Donald Trump’s incarcerated former trade adviser warned during a prison interview that there would be “mass deportations” if his former boss returns to the White House.

Peter Navarro, 74, is serving a four-month sentence at FCI Maximum Security Prison in Miami, Florida, after being convicted of two counts of contempt of court.

He was impeached in 2022 after he refused to testify or provide documentary evidence at the request of a House committee investigating the Jan. 6 attack on the U.S. Capitol.

In a new interview Navarro gave via email from behind bars, Semaphorehe offered his predictions for the “unfinished business” that will be back on the table if Trump regains the presidency in November.

He told the outlet that Trump would want to “bring the supply chains and manufacturing of our private sector back to American soil” and said the country was “dangerously vulnerable” to foreign coercion in industries including defense, technology and pharmaceuticals.

Navarro, 74, began serving a four-month prison sentence in March after being convicted last year on two counts of criminal contempt of Congress (REUTERS)

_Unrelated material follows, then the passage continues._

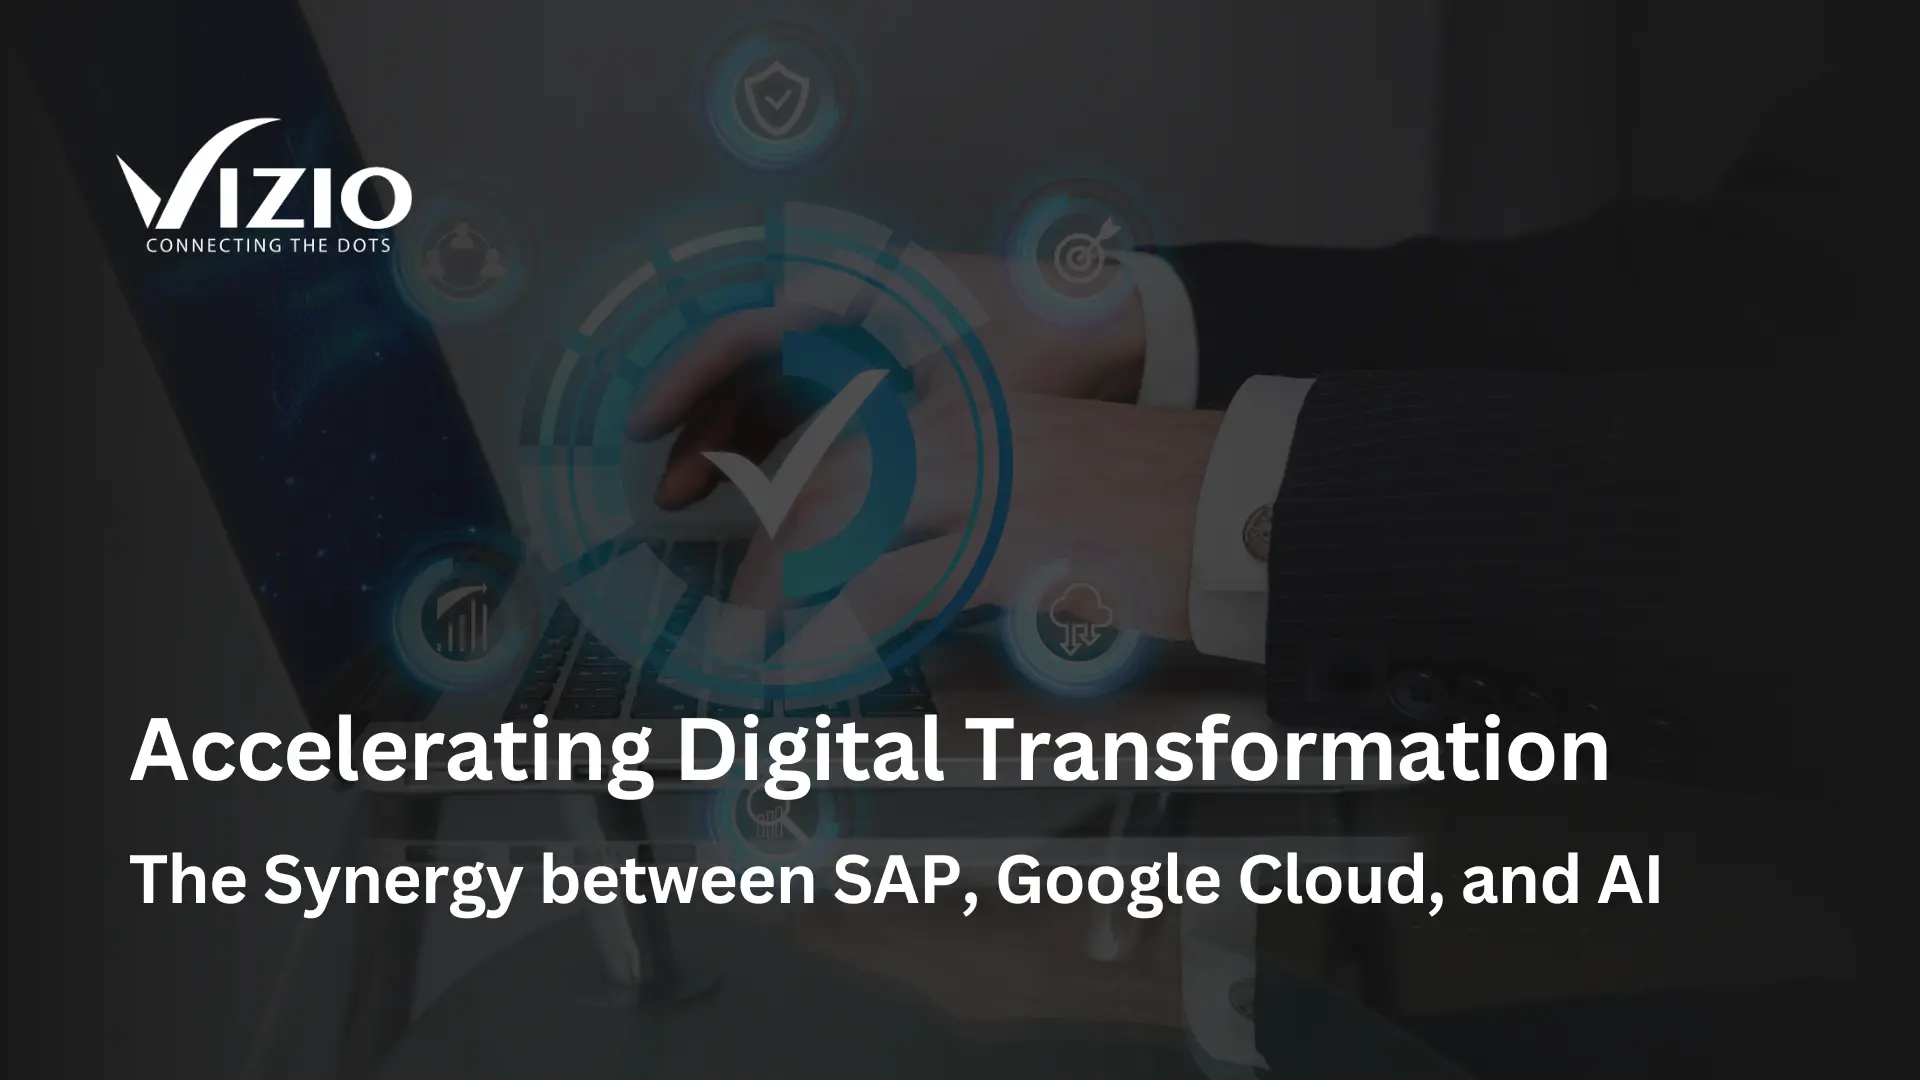 Accelerating Digital Transformation: The Synergy between SAP, Google Cloud, and AI
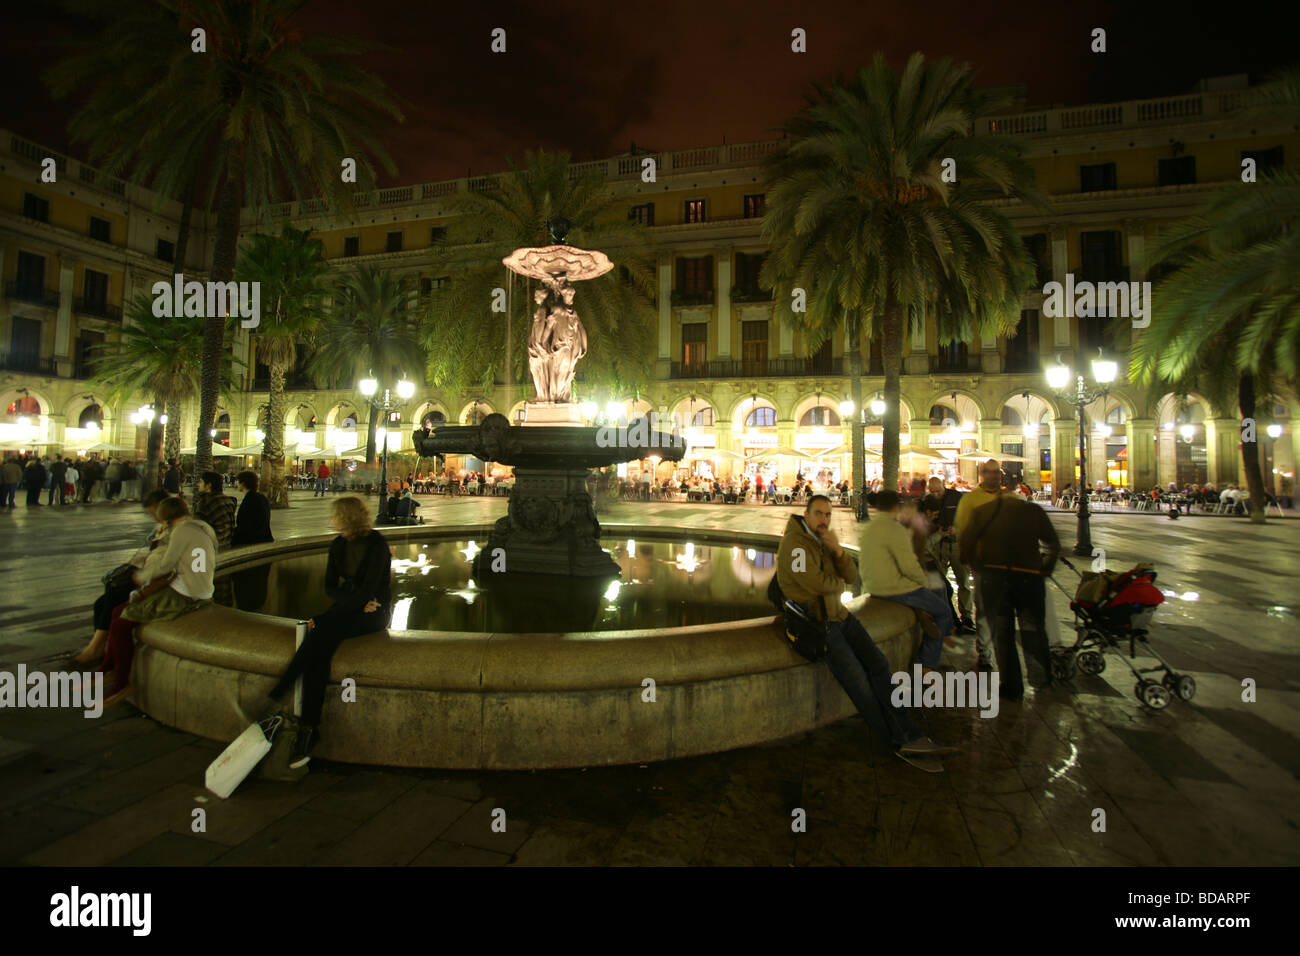 Fountain at Plaça Reial in the city of Barcelona in Spain Stock Photo

“Trump will also quickly close the border and begin mass deportations,” he said in a published excerpt from an email exchange with Semafor.

“(President Joe Biden) has brought a wave of crime and terrorism along with an uneducated mass that is driving down the wages of black, brown and working-class Americans. Black and Latino Americans, especially working-class men, are flocking to Trump in droves.”

Navarro surrendered to authorities on March 19 to begin serving his prison sentence, though he petitioned the Supreme Court for his release 15 days later.

The sentence came after he refused to appear before a bipartisan panel to discuss a plot to prevent the certification of the 2020 election results.

Navarro called this plan the “Green Bay Sweep” in his book. In the Time of Trump (2021) but he refused to comply with a subpoena to discuss the issue with the committee, later arguing unsuccessfully that Mr. Trump had invoked professional secrecy regarding his testimony and evidence regarding the failed insurrection.

On September 7 last year, a jury found him guilty of both counts after less than four hours of deliberation during a two-day trial in which the former Trump adviser’s defense attorneys presented no witnesses of their own.

Before entering prison in March, Navarro gave a brief press conference in a parking lot during which he tried to portray himself as a martyr of Democrat-led persecution and, like Trump, baselessly lamented the “partisan weaponization of our judicial system.”

He promised to “walk proudly” into prison and told reporters: “It will give me strength.” Navarro requested to be fired two weeks later.